If you have no good reason to skip Thanksgiving this year, here’s your chance to make it specific and concrete. There are pens in the pews and notecards in your bulletins. Write down a prayer to God. It doesn’t have to be eloquent, but it should be specific. Something very definite you are especially grateful for right now.

Or, just as good, write a note to someone who has changed your life in a positive way. You know what Glinda says to Elphaba in Wicked?

But I know I’m who I am today
Because I knew you…
Like a comet pulled from orbit
As it passes a sun
Like a stream that meets a boulder
Halfway through the wood
Who can say if I’ve been changed for the better?
But because I knew you
I have been changed for good

Someone changed you “for good.” Let them know. Write it down. Be specific. Deliver it in person if you can. Or mail it.
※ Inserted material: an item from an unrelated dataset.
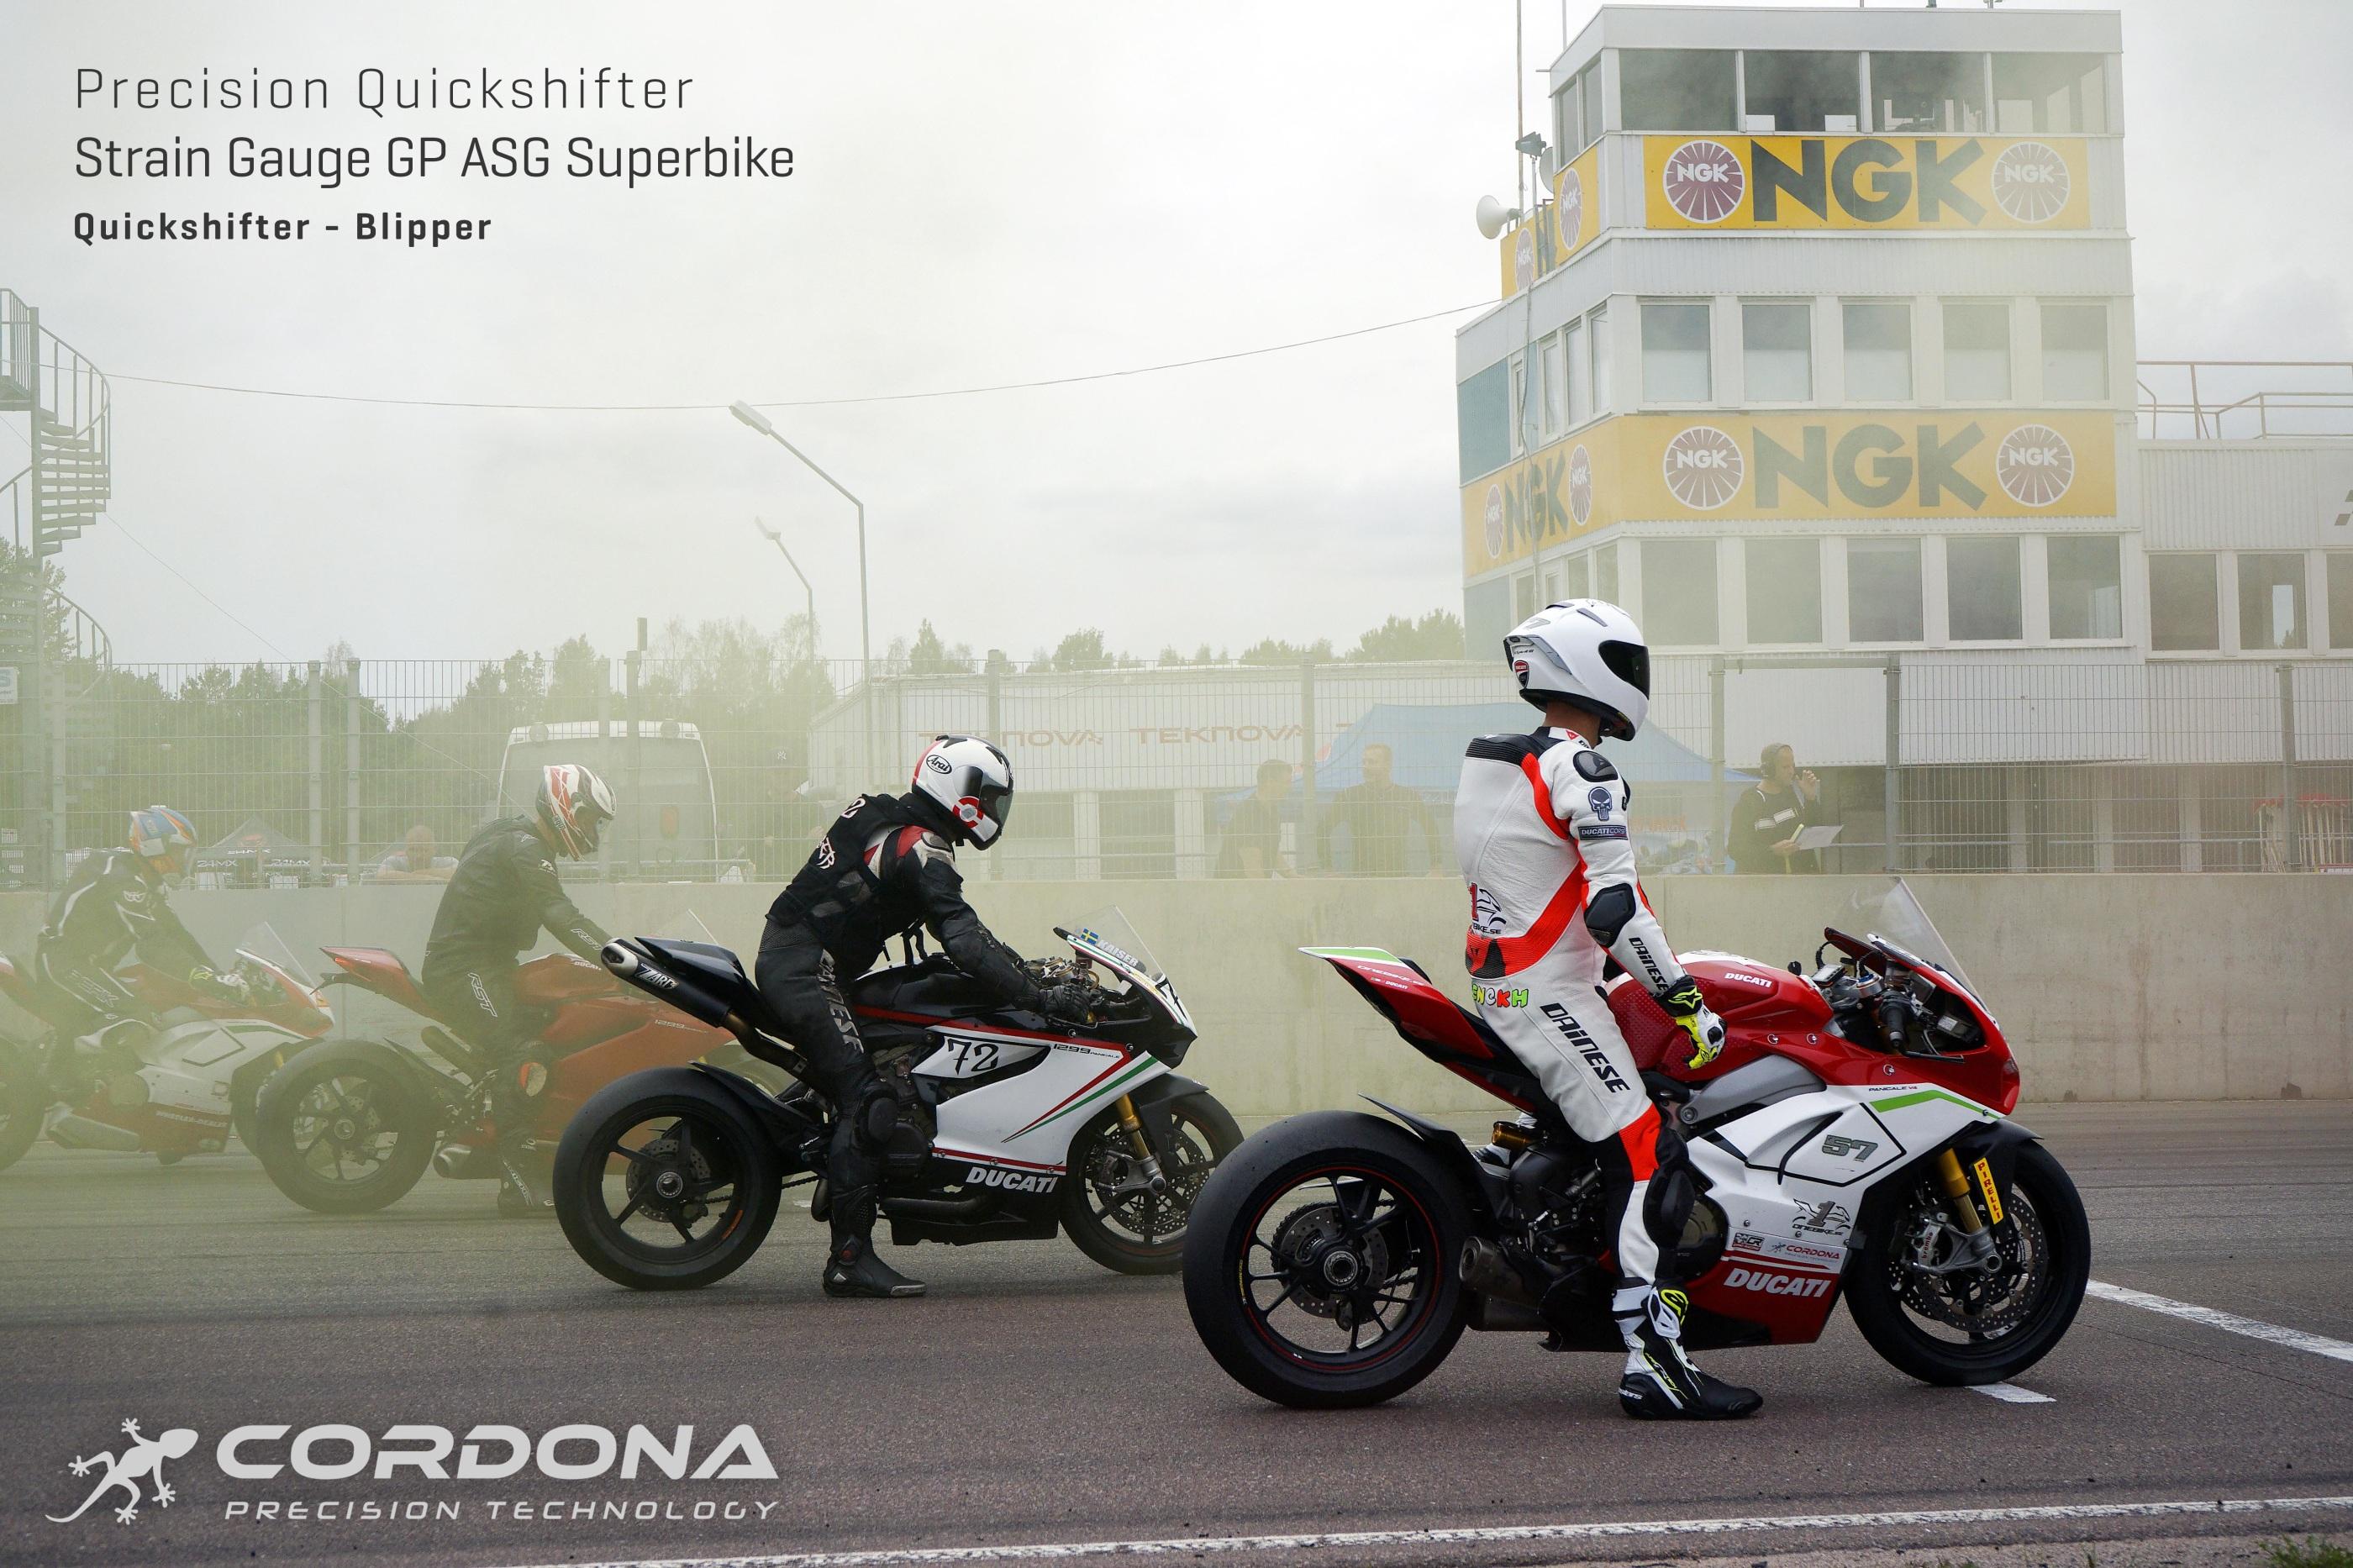 Ducati V4 Speciale Tony Schrenckh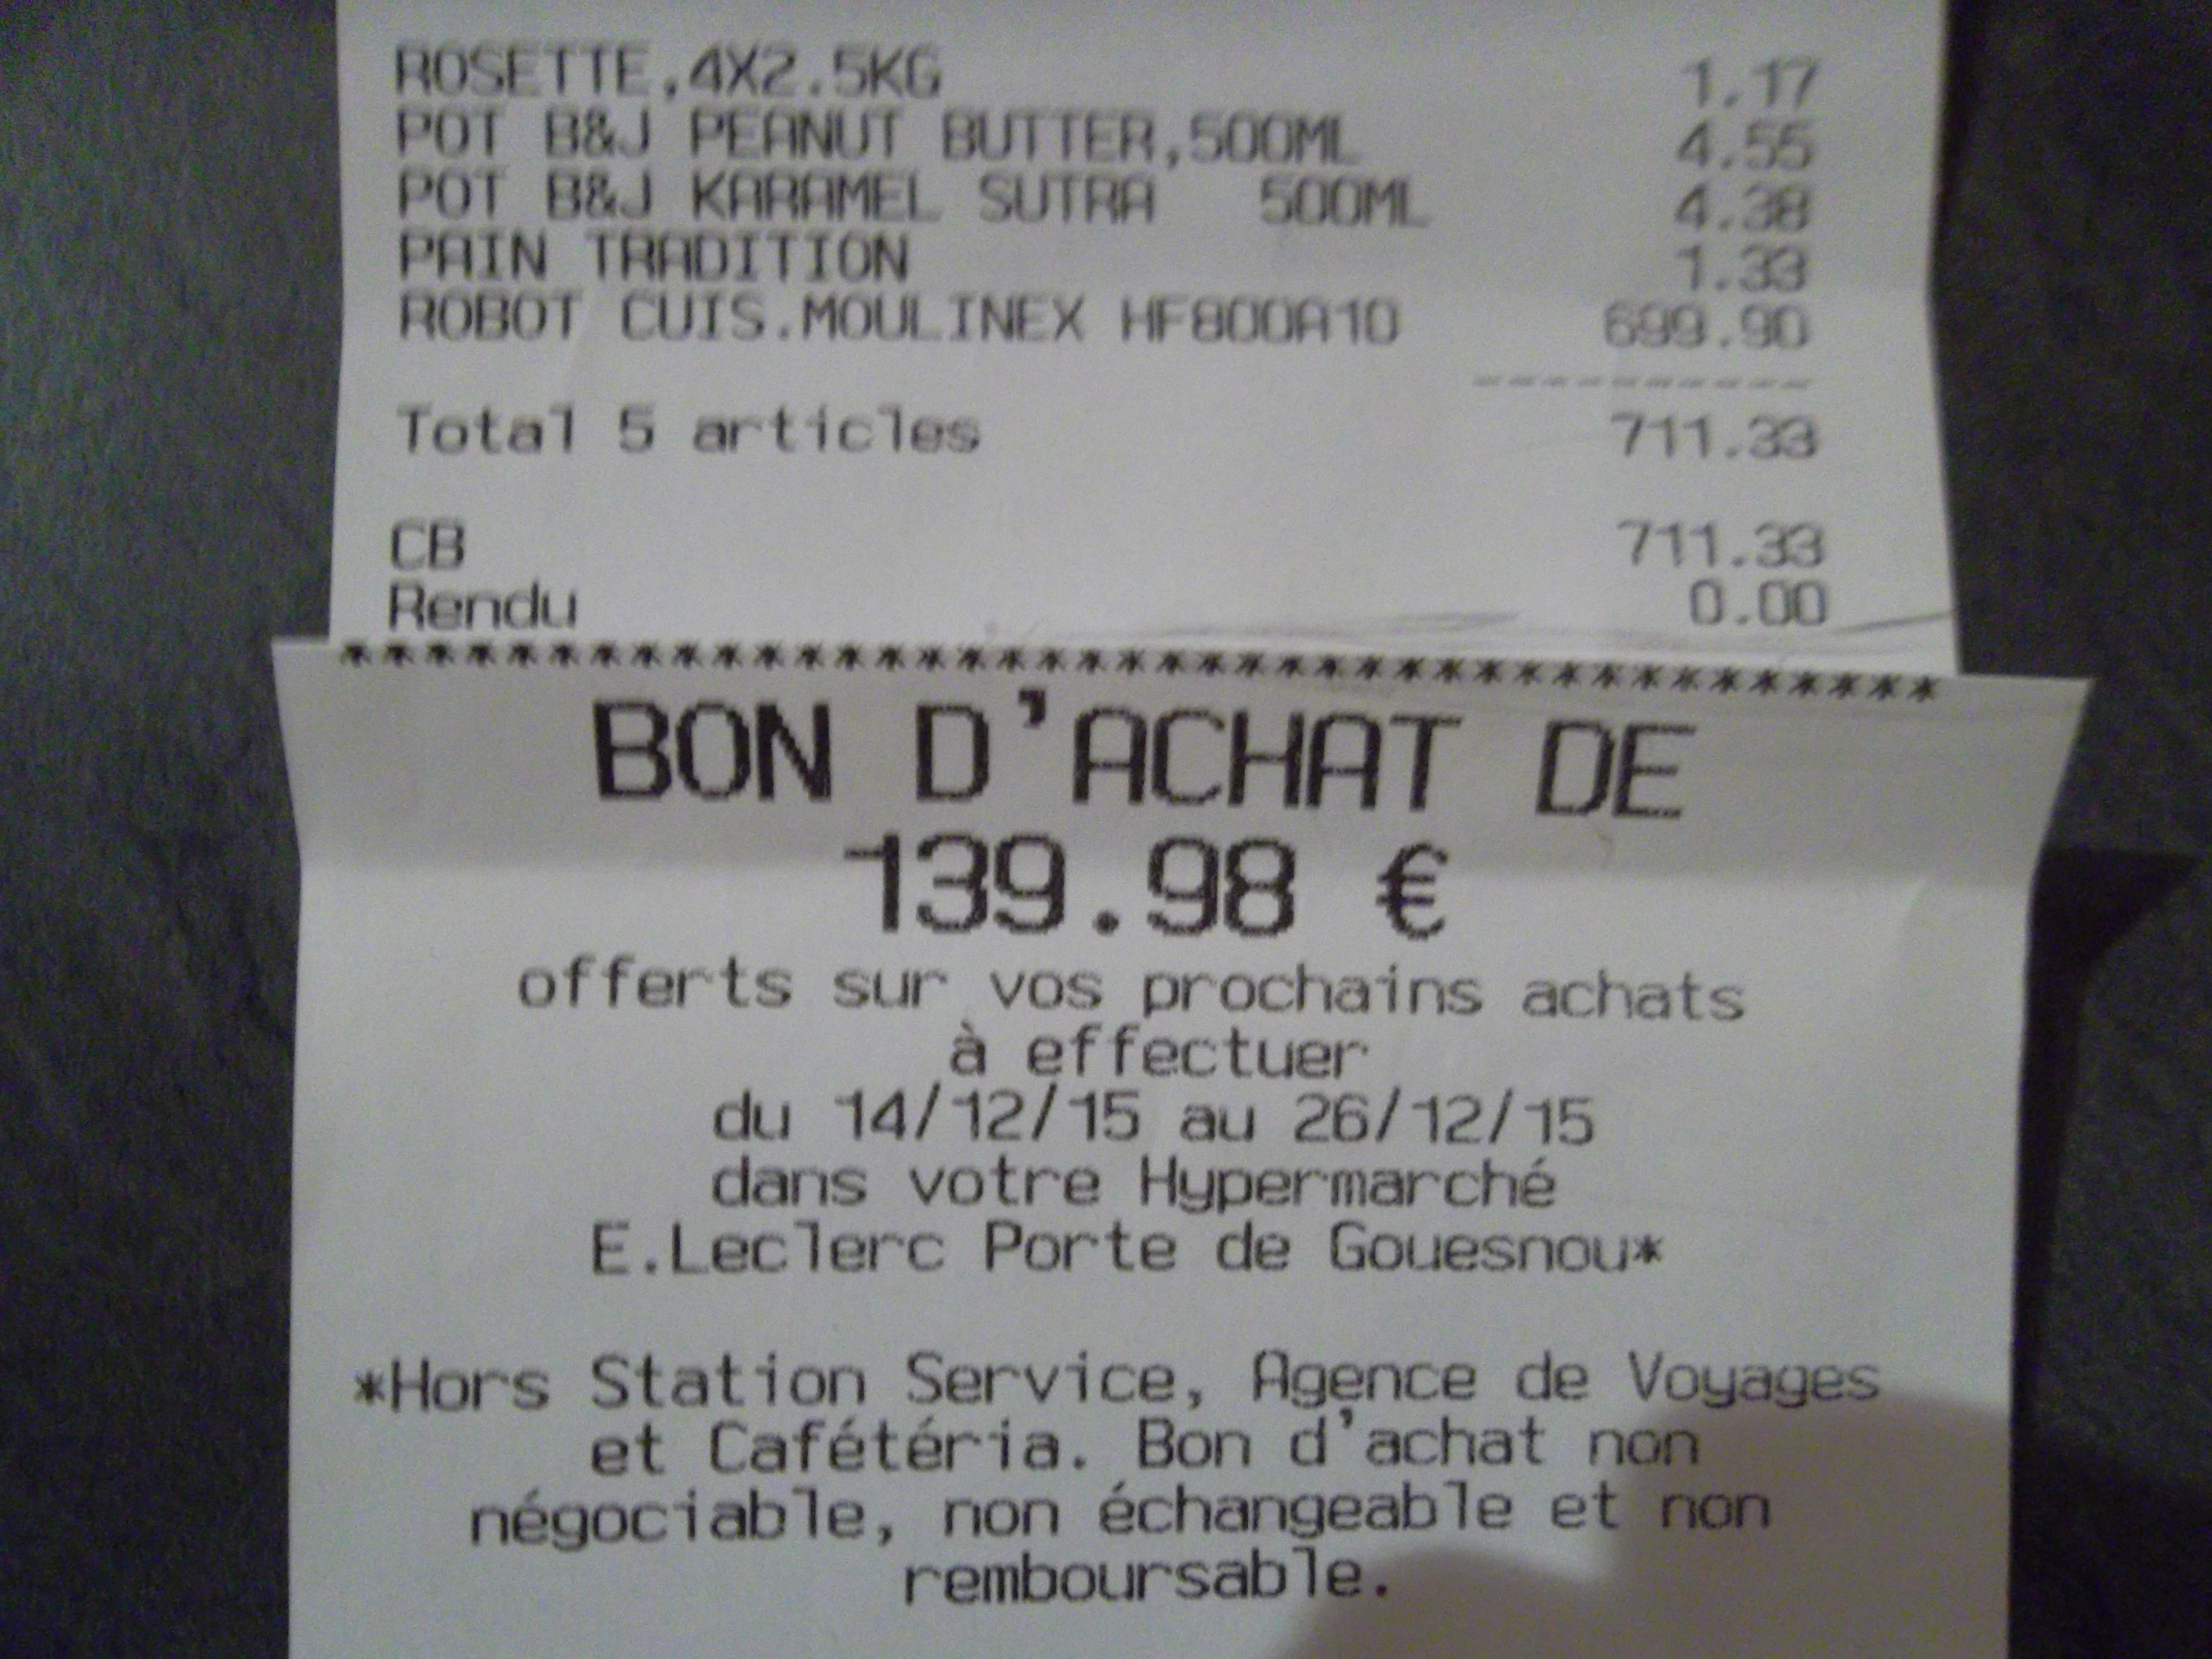 Robot cuiseur Moulinex Companion HF800A (139.98€ sur la carte)

Or leave it here at the altar of the Lord as a dedication to whatever good you’ve been changed into. Mine is going to my basketball coach when I was in the eighth grade. He taught me how to shoot a jump shot, and how to love Jesus. I am who I am today because of this unassuming teacher.

Bring it with you when you come forward for communion. The staff will take it up in prayer next week. We’ll pray for those who have been so important to you.

That’s why so many of us love Thanksgiving so much: it’s our annual reminder of how much we owe to others, how little of ourselves we made all on our own.

That is a virtuous exercise once a year.

[1]Nicholas Wolterstorff, Lament for a Son (Grand Rapids, MI: Wm. B. Eerdmans, 1987), p. 61.

[2] Charles Dickens, Bleak House, 7th paragraph from the end of Chapter LXI, p. 835 in my Everyman’s Library Edition (New York: Alfred A. Knopf, 1907).